*** Dataset extract ***
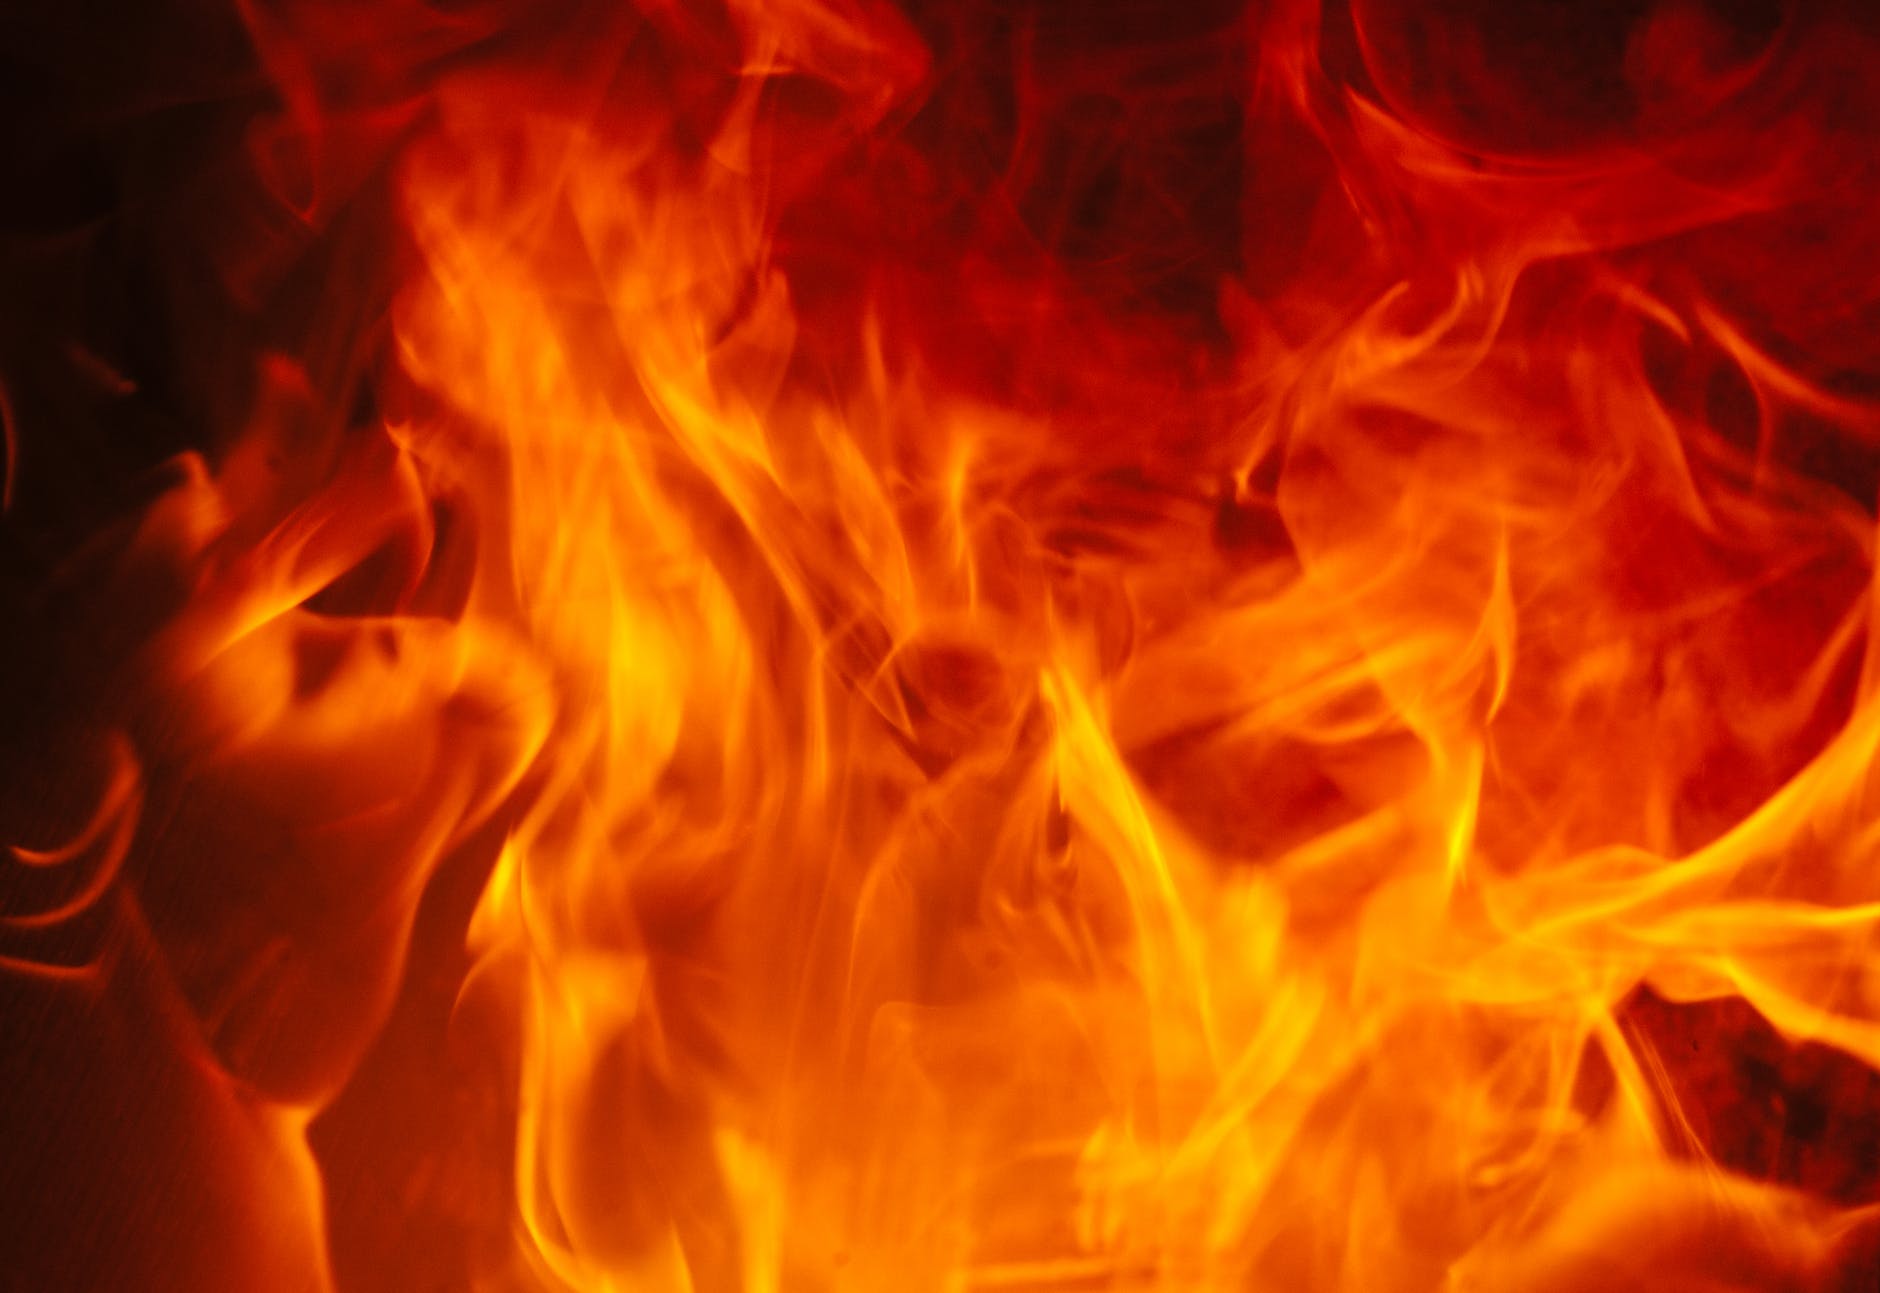 Seis autobuses ardieron en llamas en plantel ubicado en Hatillo
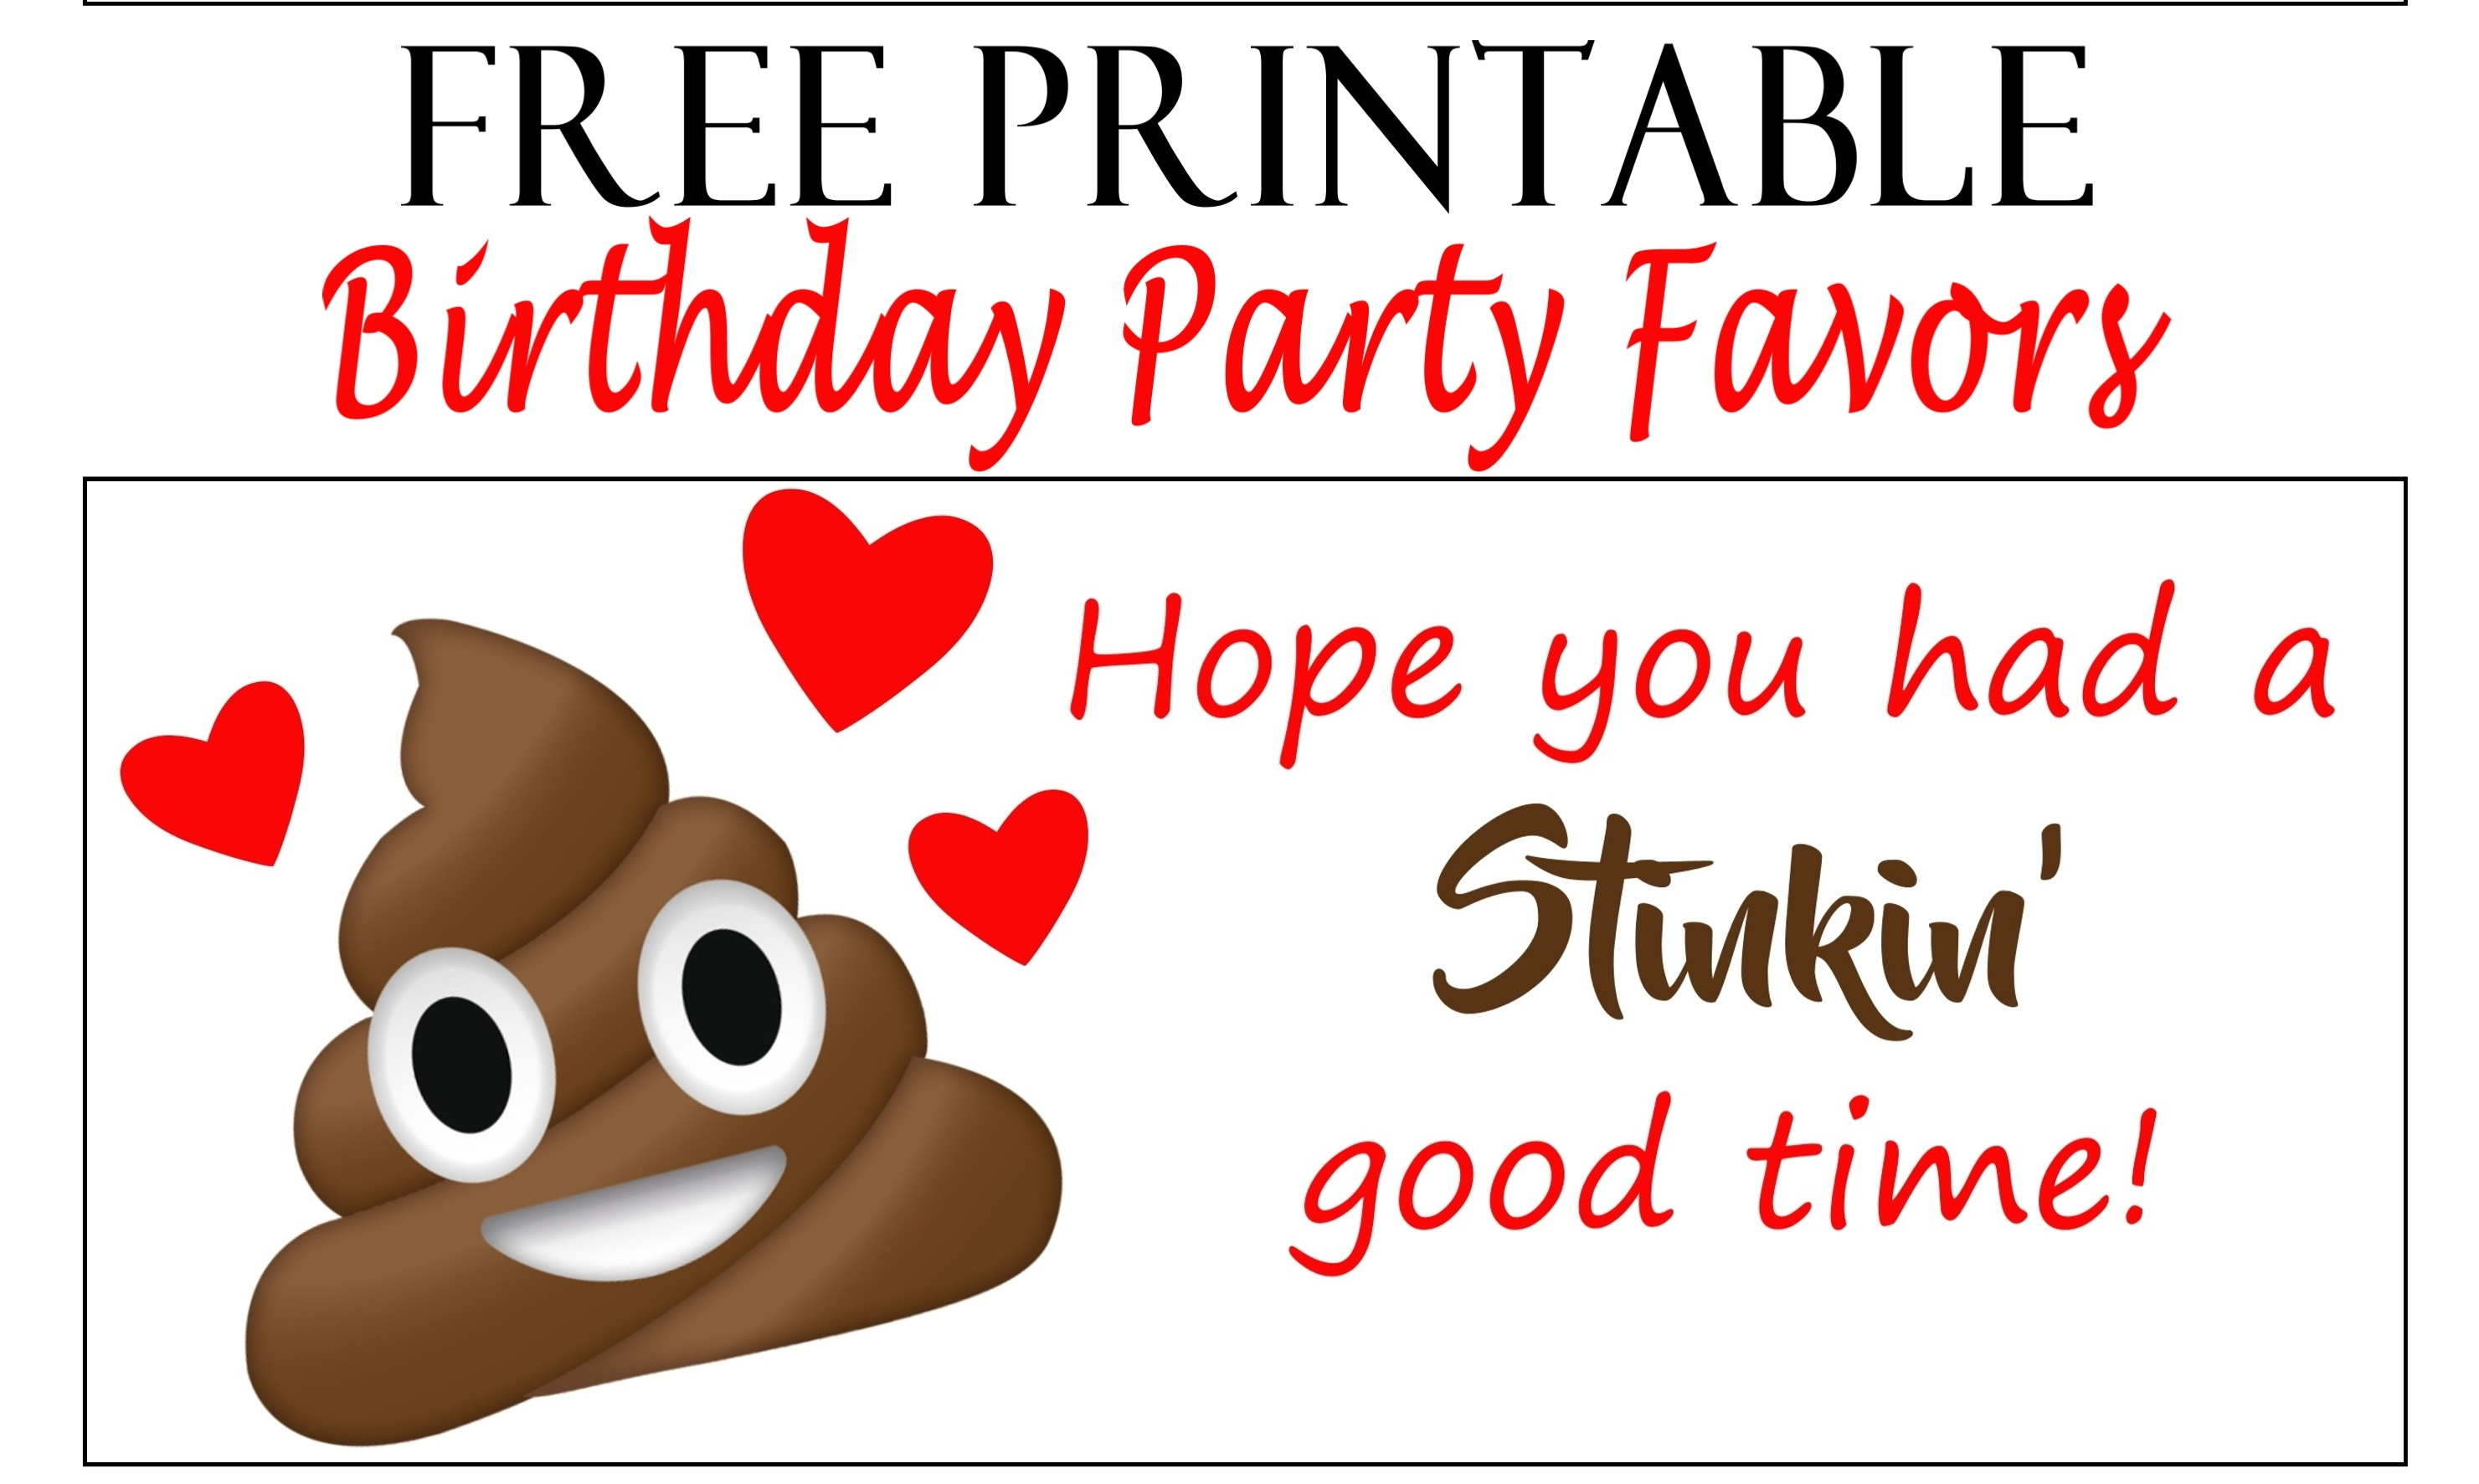 Poop Emoji Birthday Party Tags - Printables 4 Mom - Birthday Party Favor Tags Printable Free
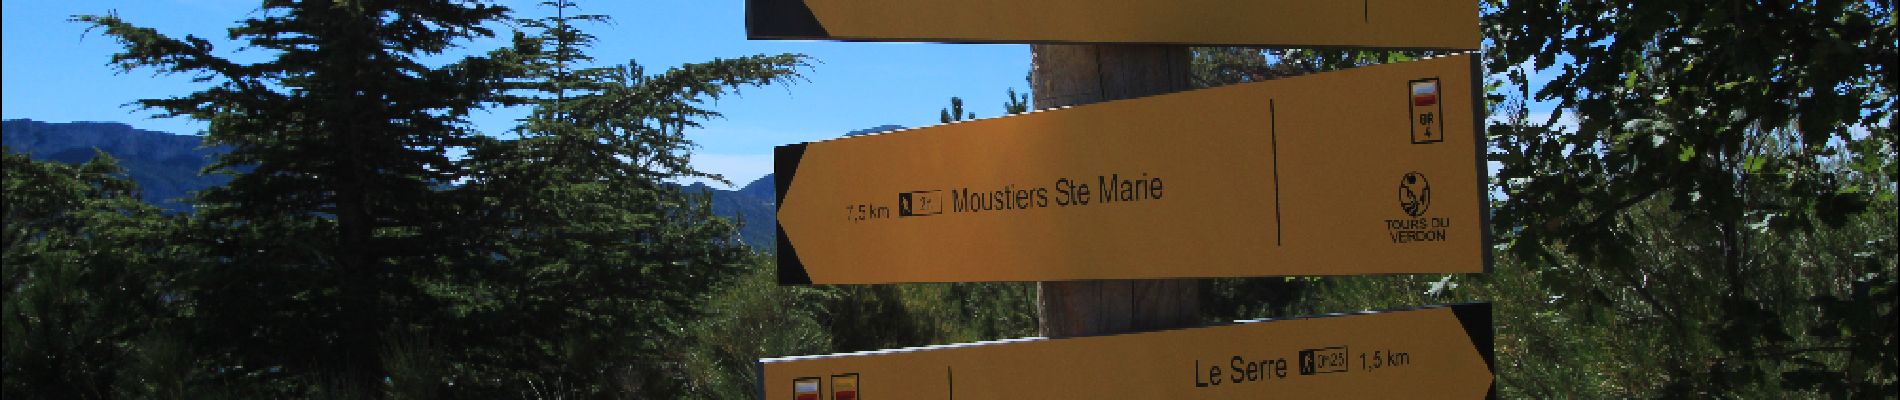 POI Moustiers-Sainte-Marie - moustiers - Photo
*** End of Dataset extract ***
*Your assignment*
Would you please transcribe the listing in full, exactly, while omitting the images?

*Exercise response*
 Seis autobuses ardieron en llamas en plantel ubicado en Hatillo
 Poop Emoji Birthday Party Tags - Printables 4 Mom - Birthday Party Favor Tags Printable Free
 POI Moustiers-Sainte-Marie - moustiers - Photo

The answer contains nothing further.